START RECORDED INFORMATION

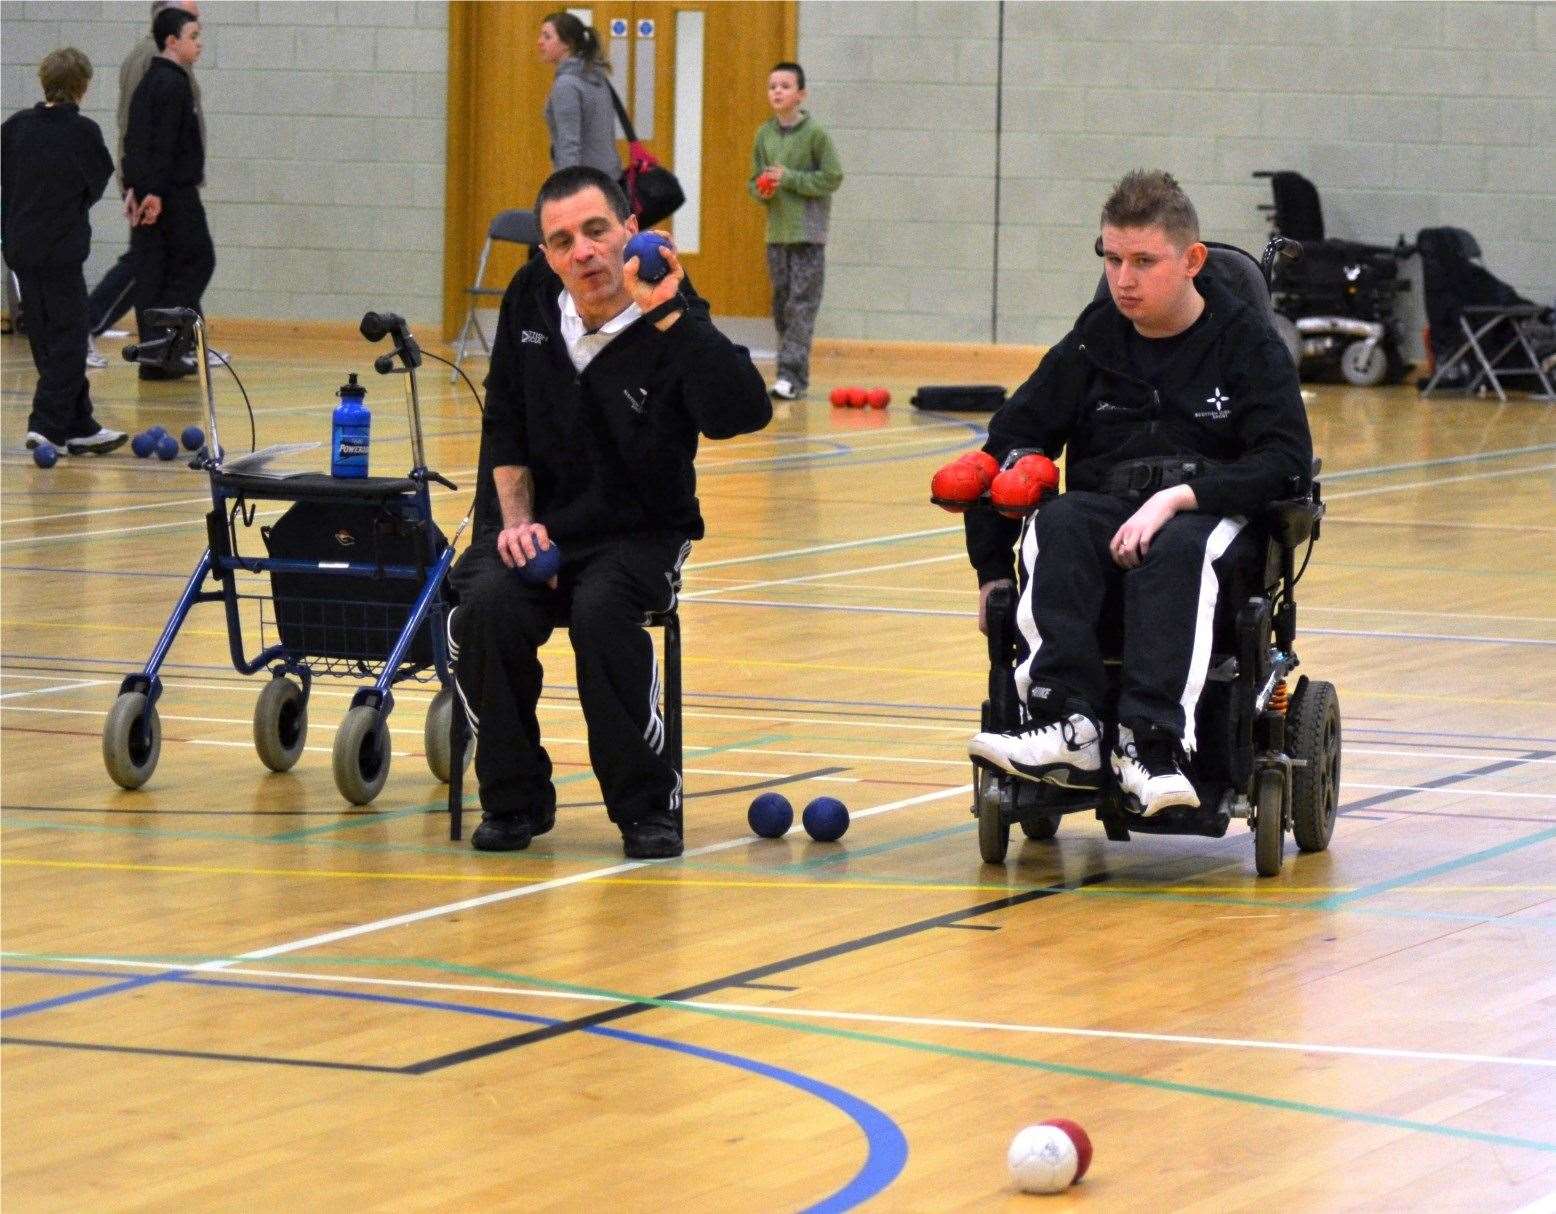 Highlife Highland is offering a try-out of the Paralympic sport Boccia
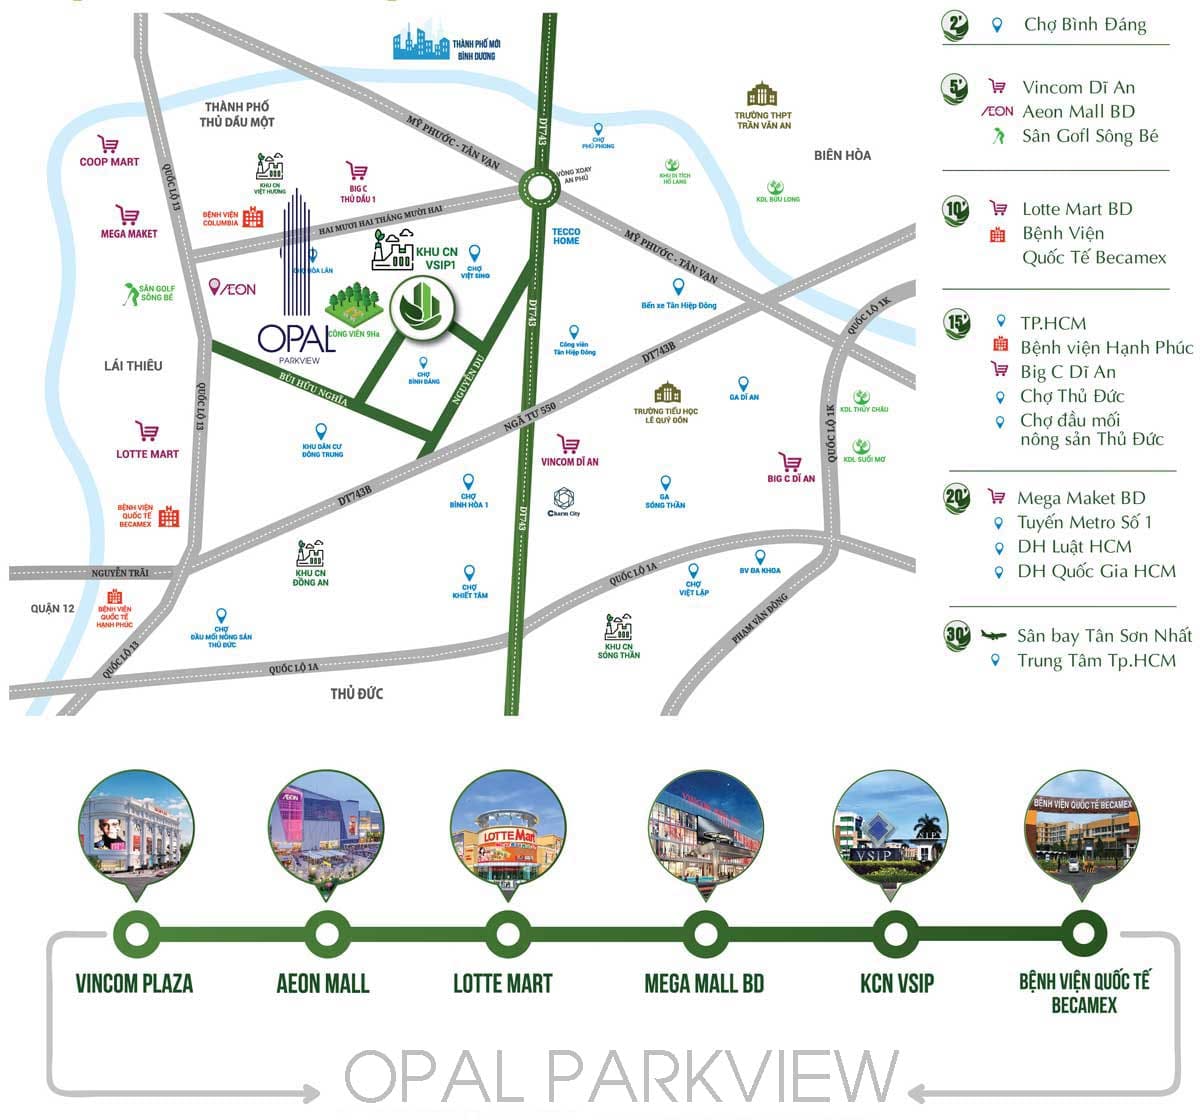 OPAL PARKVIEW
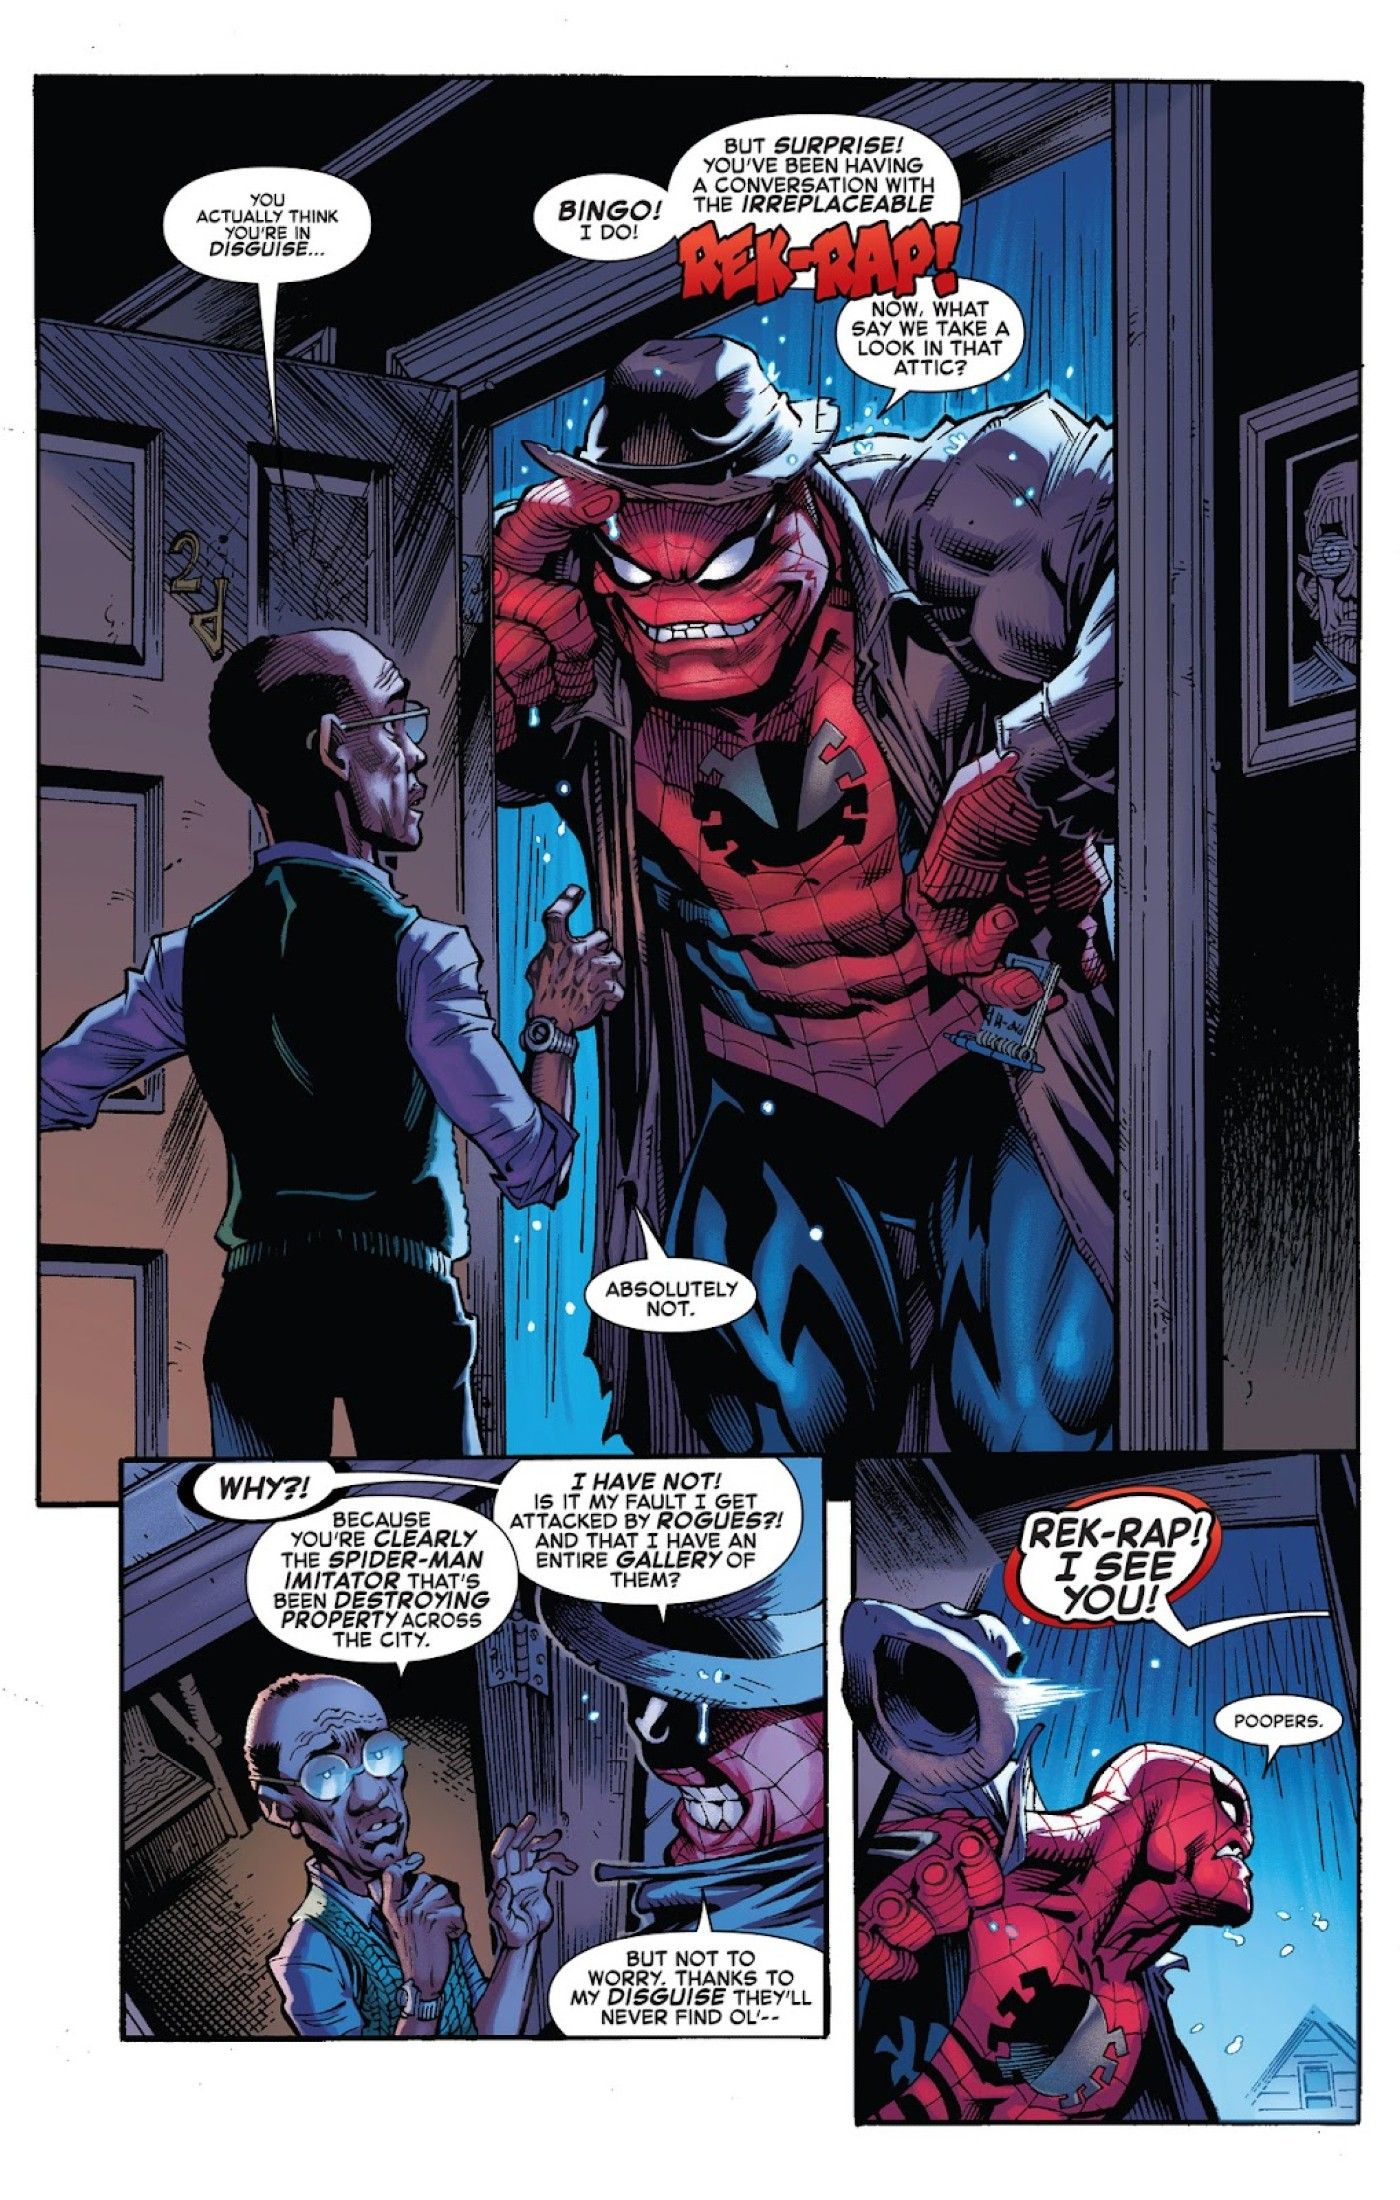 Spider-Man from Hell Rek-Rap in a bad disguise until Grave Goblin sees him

END RECORDED INFORMATION

= ABOUT THIS EXERCISE =
The entire listing above is to be copied exactly, with all pictures omitted.

= ANSWER TO THE EXERCISE =
 Highlife Highland is offering a try-out of the Paralympic sport Boccia
 OPAL PARKVIEW
 Spider-Man from Hell Rek-Rap in a bad disguise until Grave Goblin sees him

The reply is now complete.